A man comes to the ophthalmologist: - You know, doctor, my vision has begun to weaken ... - Well, my dear, you need to strengthen the eye muscles! I suggest that you do the following exercise every day for an hour: you can move your eyes up and down, left and right, in any order ... - Daily? By the hour ?! The doctor is very tiring and boring ... - Nothing, I will give you a videotape - it will greatly facilitate this procedure ... - Yes ?! What's so special about her? - Nothing special ... It's just that the run of a naked girl with a big bust is written on it ...
A group of tourists goes through the Ussuri taiga ... Suddenly a tiger jumps out of the thicket. - No panic, the tiger is full! - states the conductor.
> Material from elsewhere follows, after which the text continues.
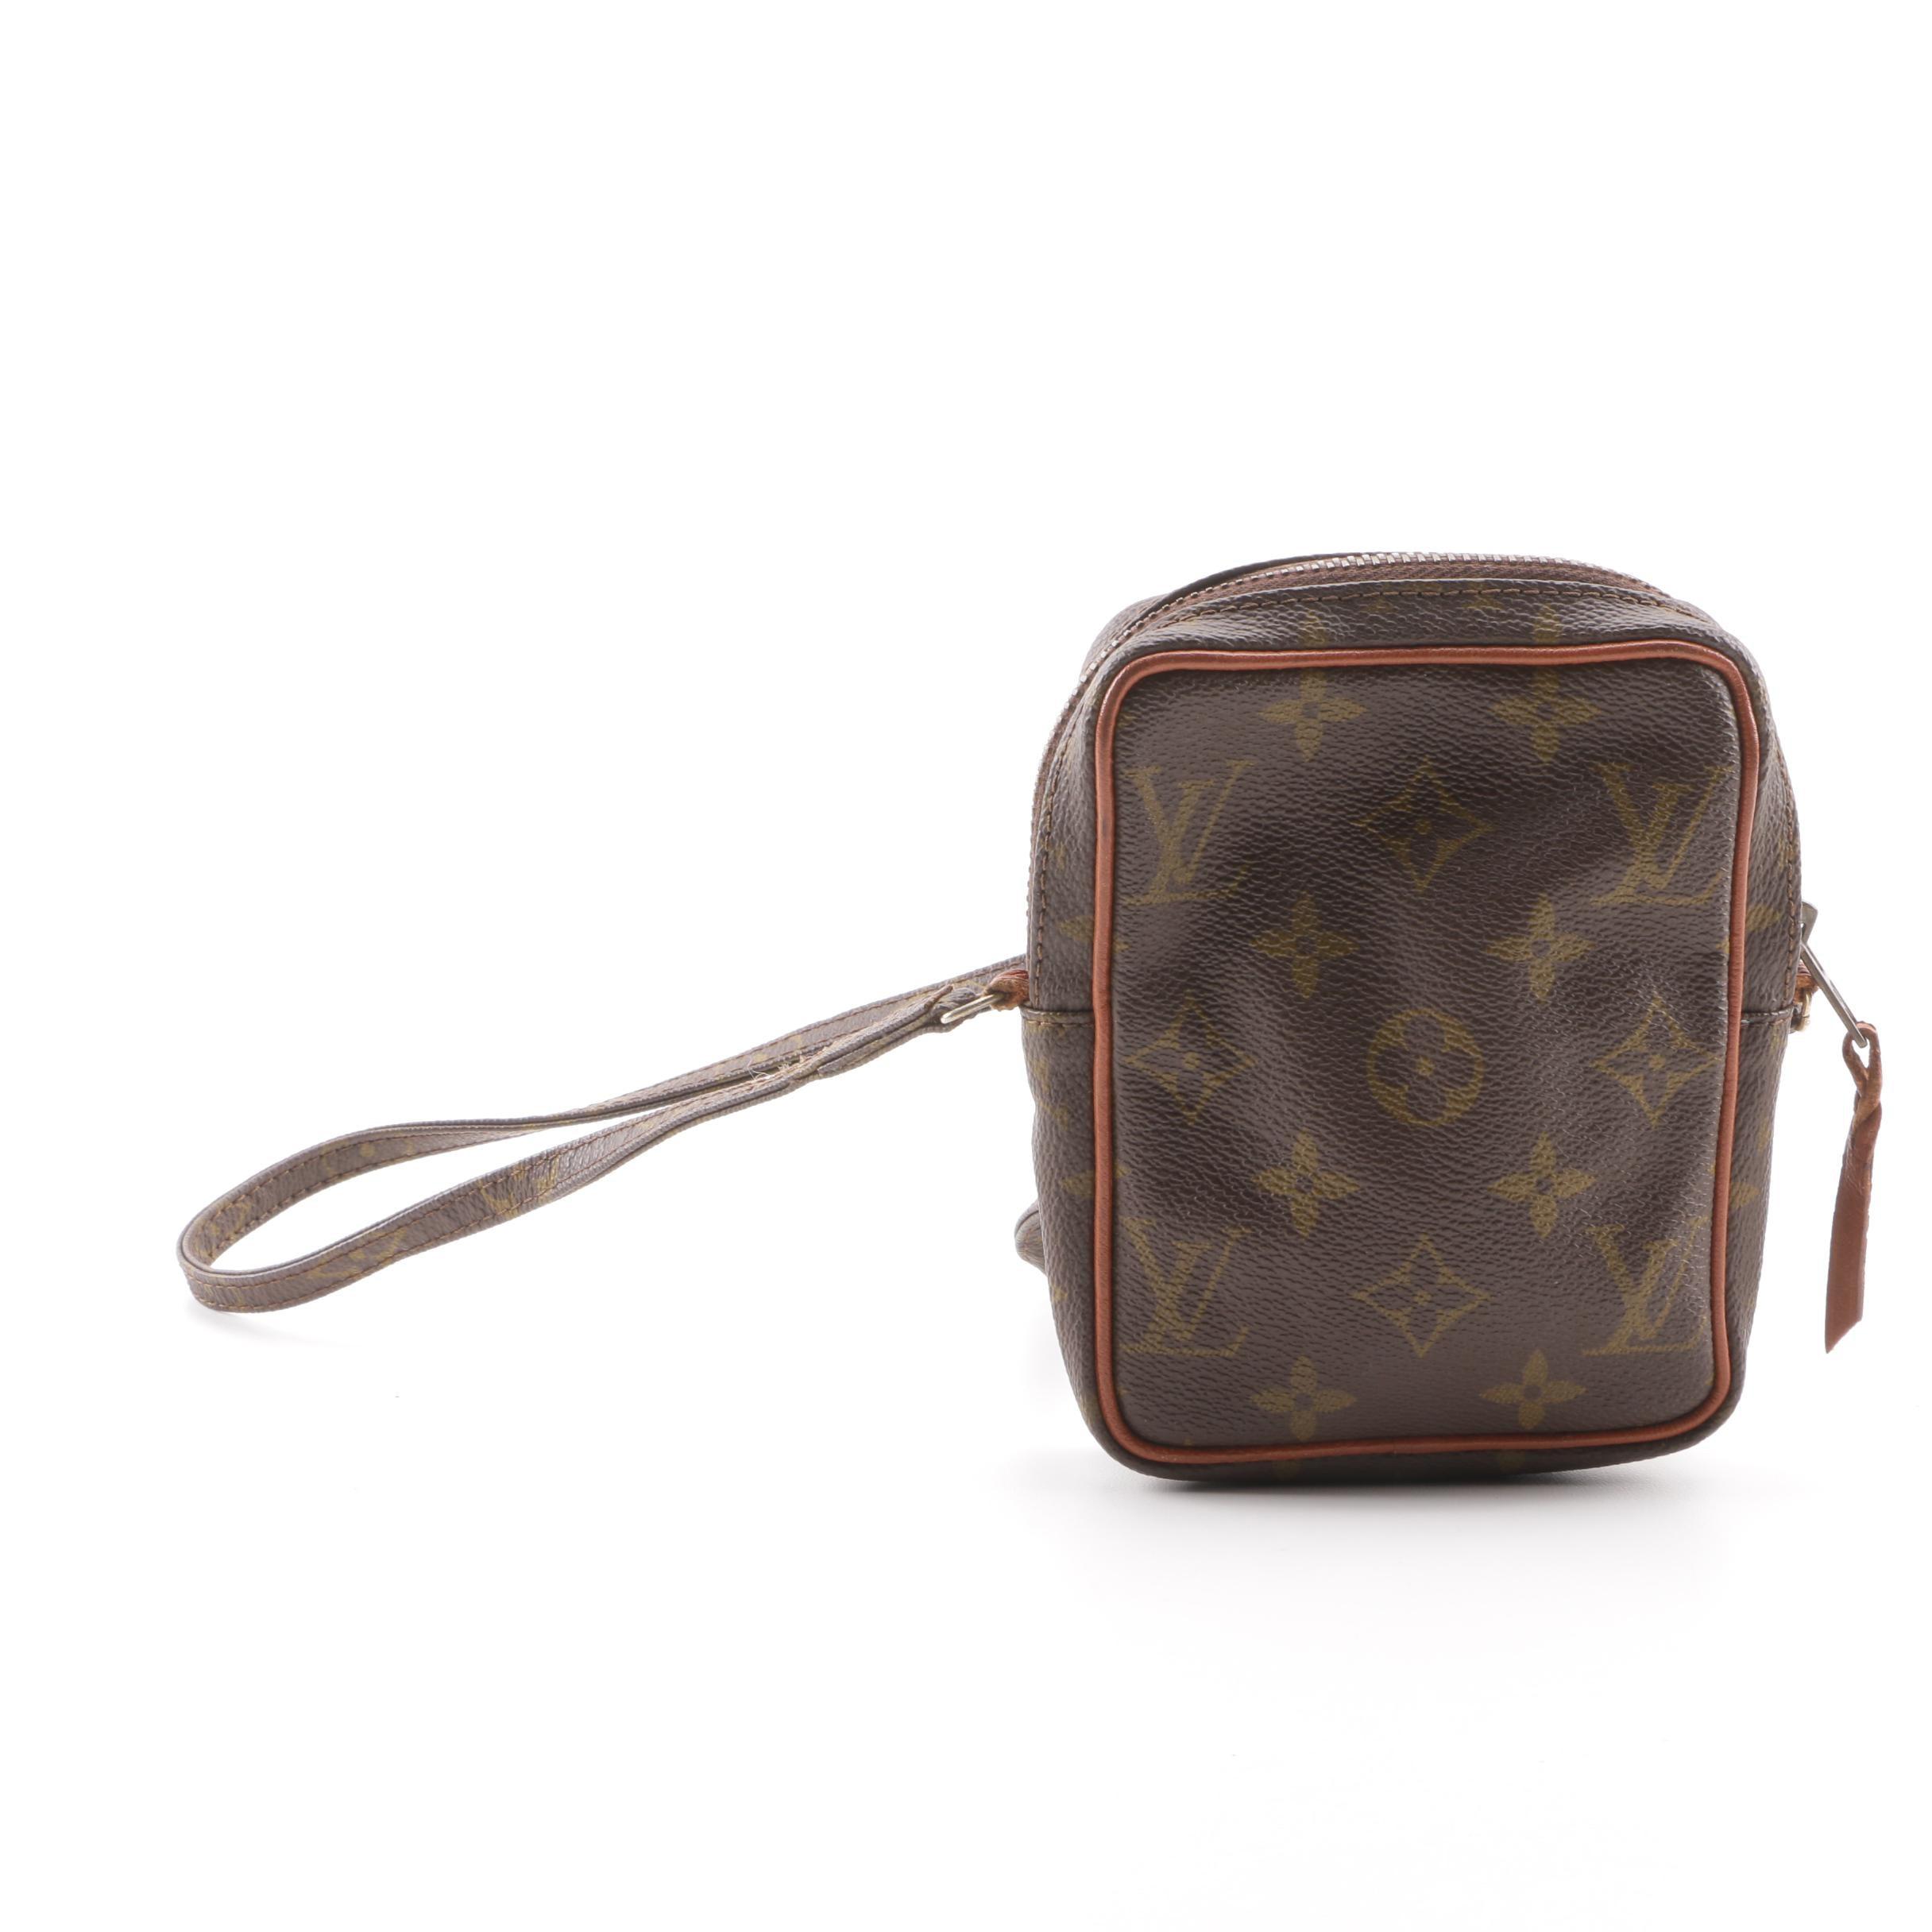 1980s Louis Vuitton Monogram Canvas Camera Bag

One of the tourists: - Fuck, I also pissed ...
- Gulchat, open the beer ... - Maybe a little face ?! - Yes, your face only open beer ...
Two female judges are talking. - Listen, are you doing a blowjob to your husband? - Not. - What are you motivating?
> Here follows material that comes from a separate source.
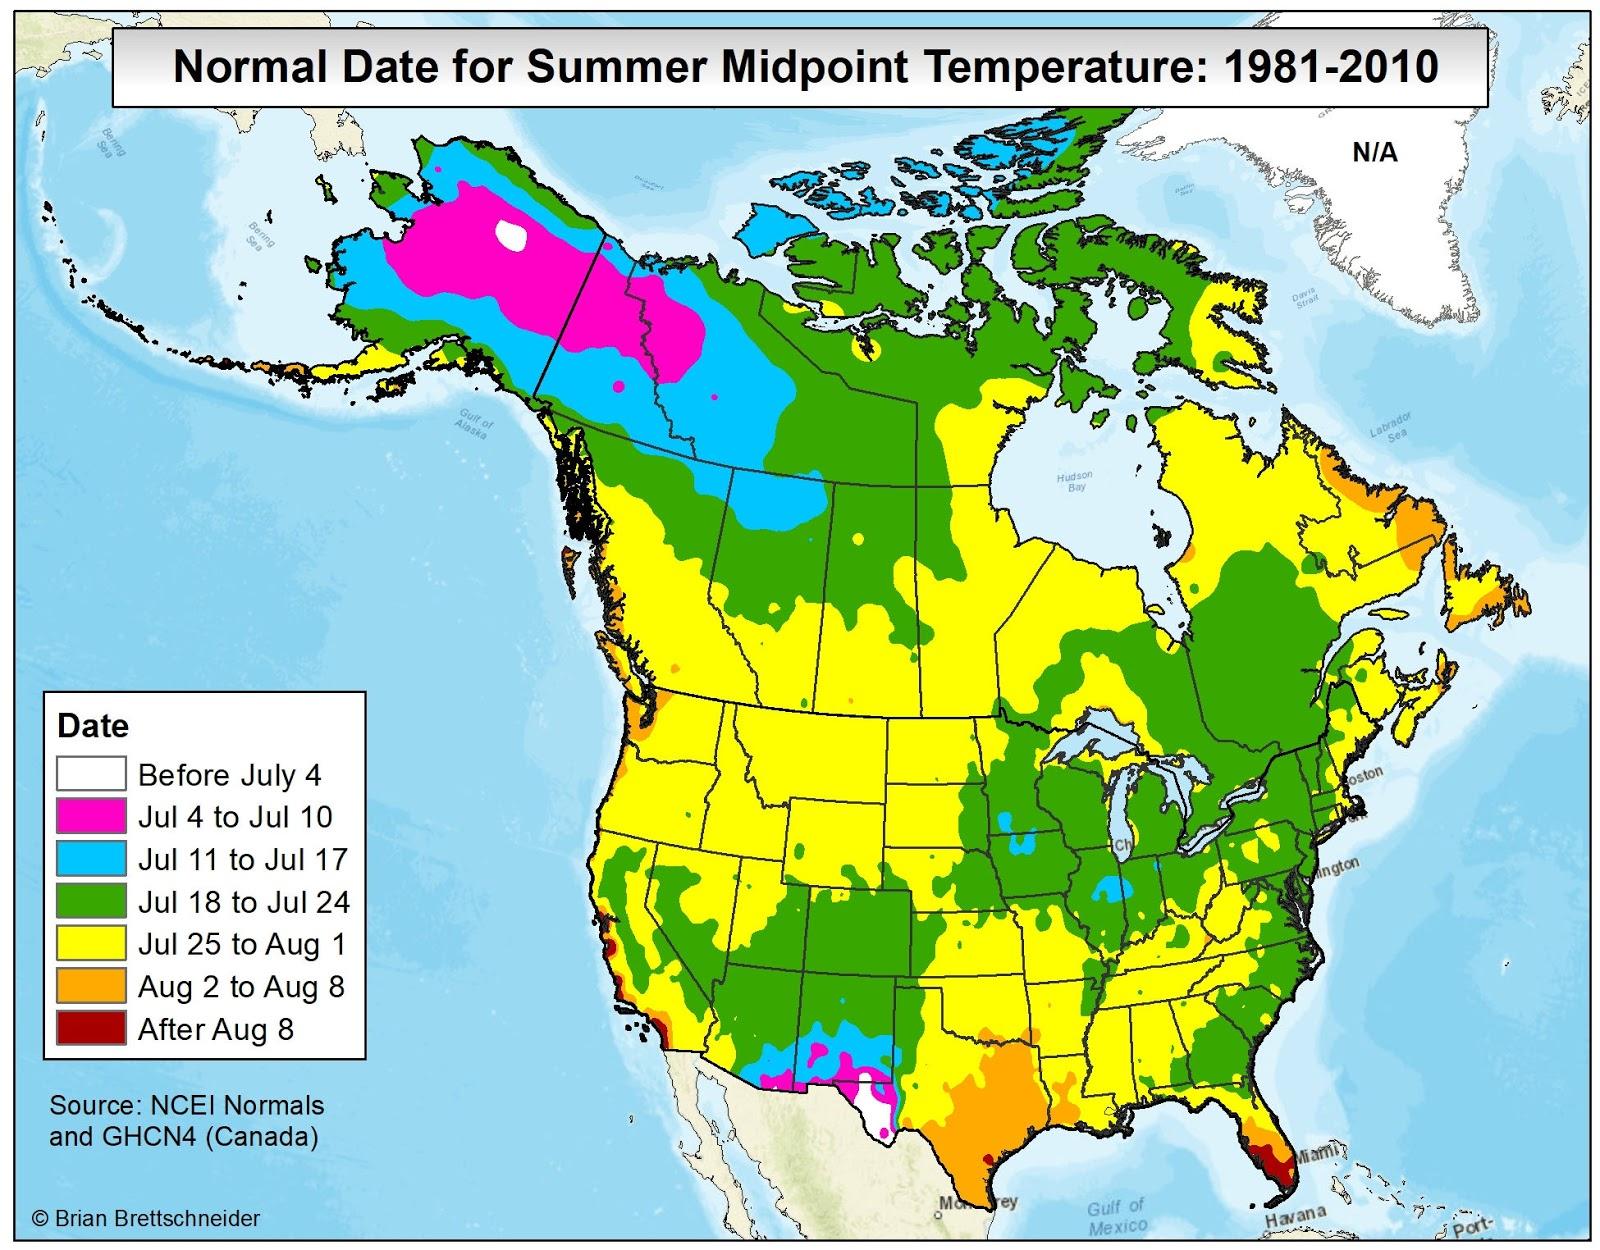 Brian B's Climate Blog: Average Annual High Temperature Vs. Climate - Texas Temperature Map

Vasya enters the house of his neighbors with a huge bouquet of flowers. - What do you need, Vasya? - the neighbor asks not quite friendly. - You know, Nikolai Petrovich - for 15 years now I love your daughter ... - You, by chance, did not come to claim a pension?
- Honey, this bowling is too expensive for us ... - Why ?! - Yes, there is only "pour drinks on the track" costs 500 rubles! I’m even afraid to imagine how much they will charge for your favorite shot on the monitor ...
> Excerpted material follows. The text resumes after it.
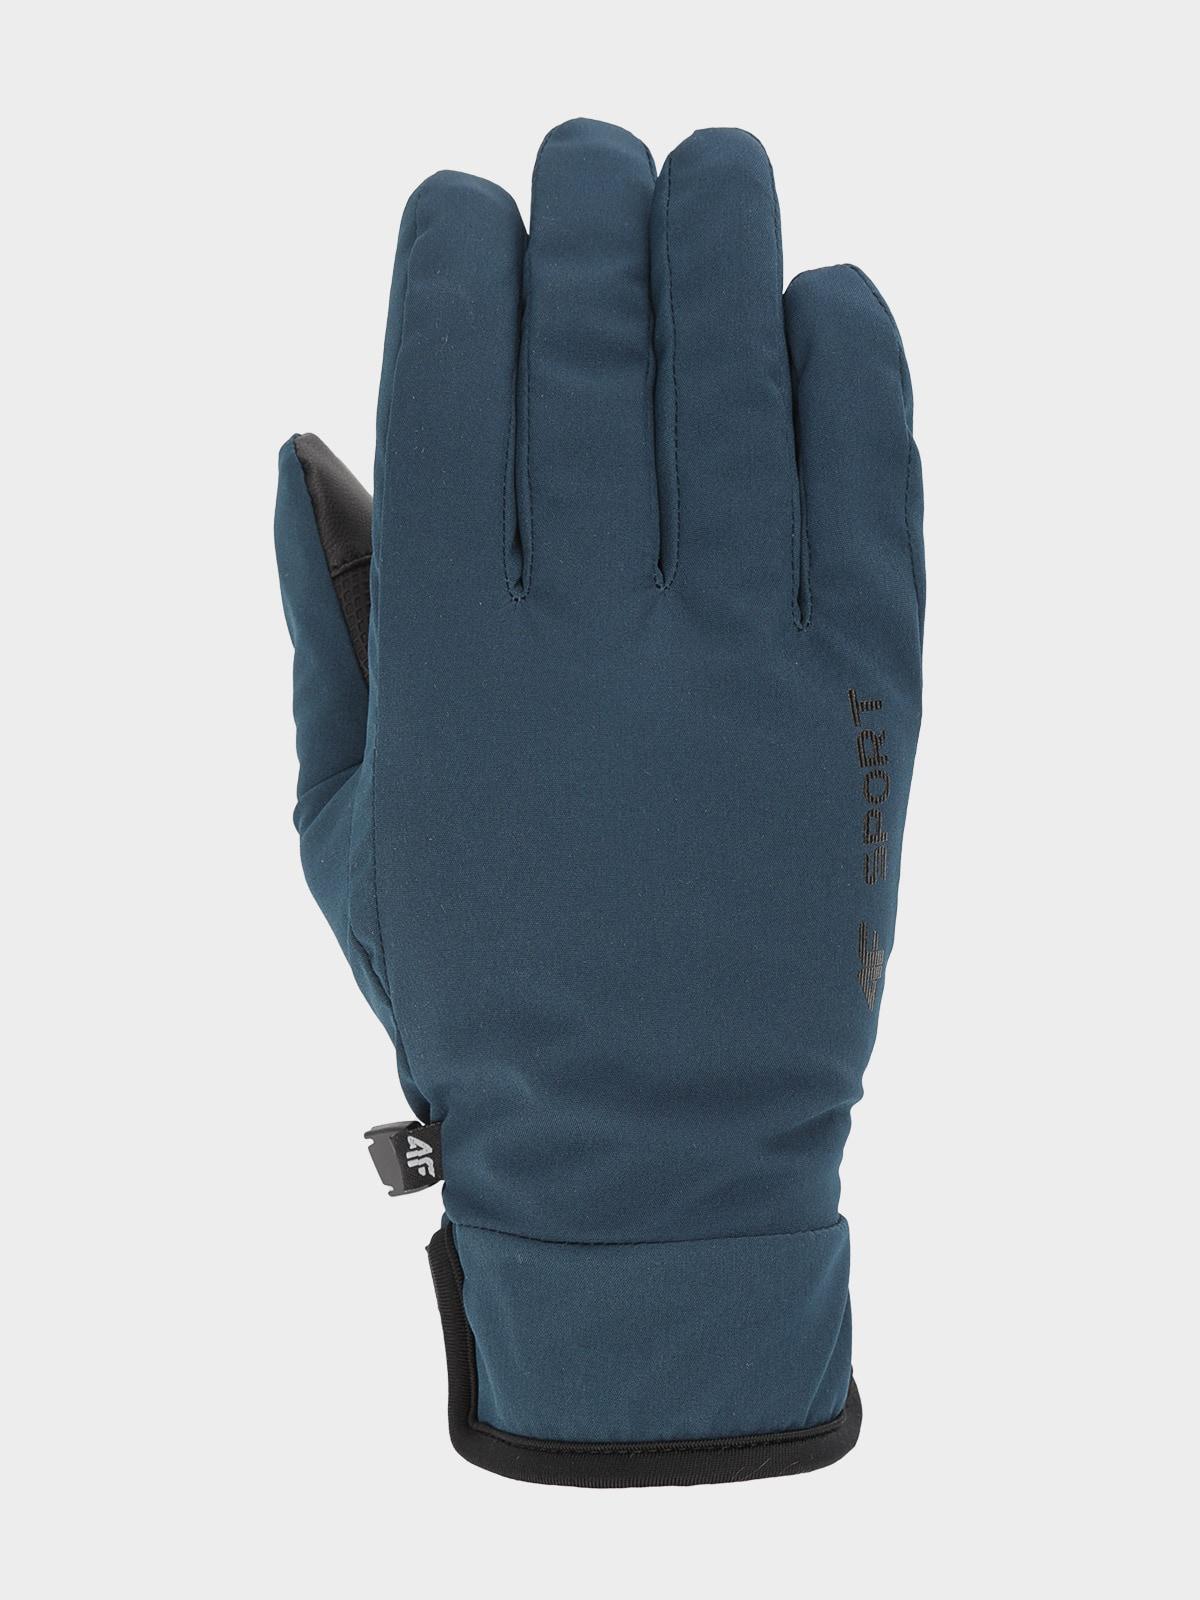 Rukavice REU100 - tmavě modrá -

- Count it, yesterday my stomach twisted so much that I didn’t even go to work ... - What - my stomach was upset ?! - Got upset?! That is to say the least. Apparently, he just had a tantrum ...
A beginner, seeing a rubber woman at a rescue school, is surprised. “Future rescuers practice artificial respiration on it,” more experienced comrades explain. “Does she really come to life?” - the beginner is surprised. - Doesn’t come to life - but sometimes it’s possible to stir up ...
In a minibus ... - Sorry, my bag doesn’t bother you? - No, it's okay ... - But if it bothers me, tell me, I’ll take it away ... - Well, but in fact everything is fine ... - But it seems to me that it still bothers, because of her, you it’s uncomfortable to sit ... - Yes, there is a little bit ... - Well then, should I take it away? - Well, take it away ... - Where the hell are you - look, you idiot, where am I going to take her? !!
From life. There are two popular animated heroes in Israel: BAC and UZA. Their dolls are sold in every self-respecting Israeli shop. When shopping in a Tel Aviv supermarket, I notice a mother with a boy of about five years old, from among former Russians. She asked in Russian: - Buy you an ultrasound? And take the child and answer: - I and BAM want! .. They pumped me for a long time ...
The worst psychological attack - sailors jumping on zebras on mattresses.
Fashion models got married: a guy and a girl. The wedding night. They lie in bed 10, 20 ...., 40 minutes. Then the guy doesn’t stand it and says: “I didn’t even understand if someone will fuck us today or not?”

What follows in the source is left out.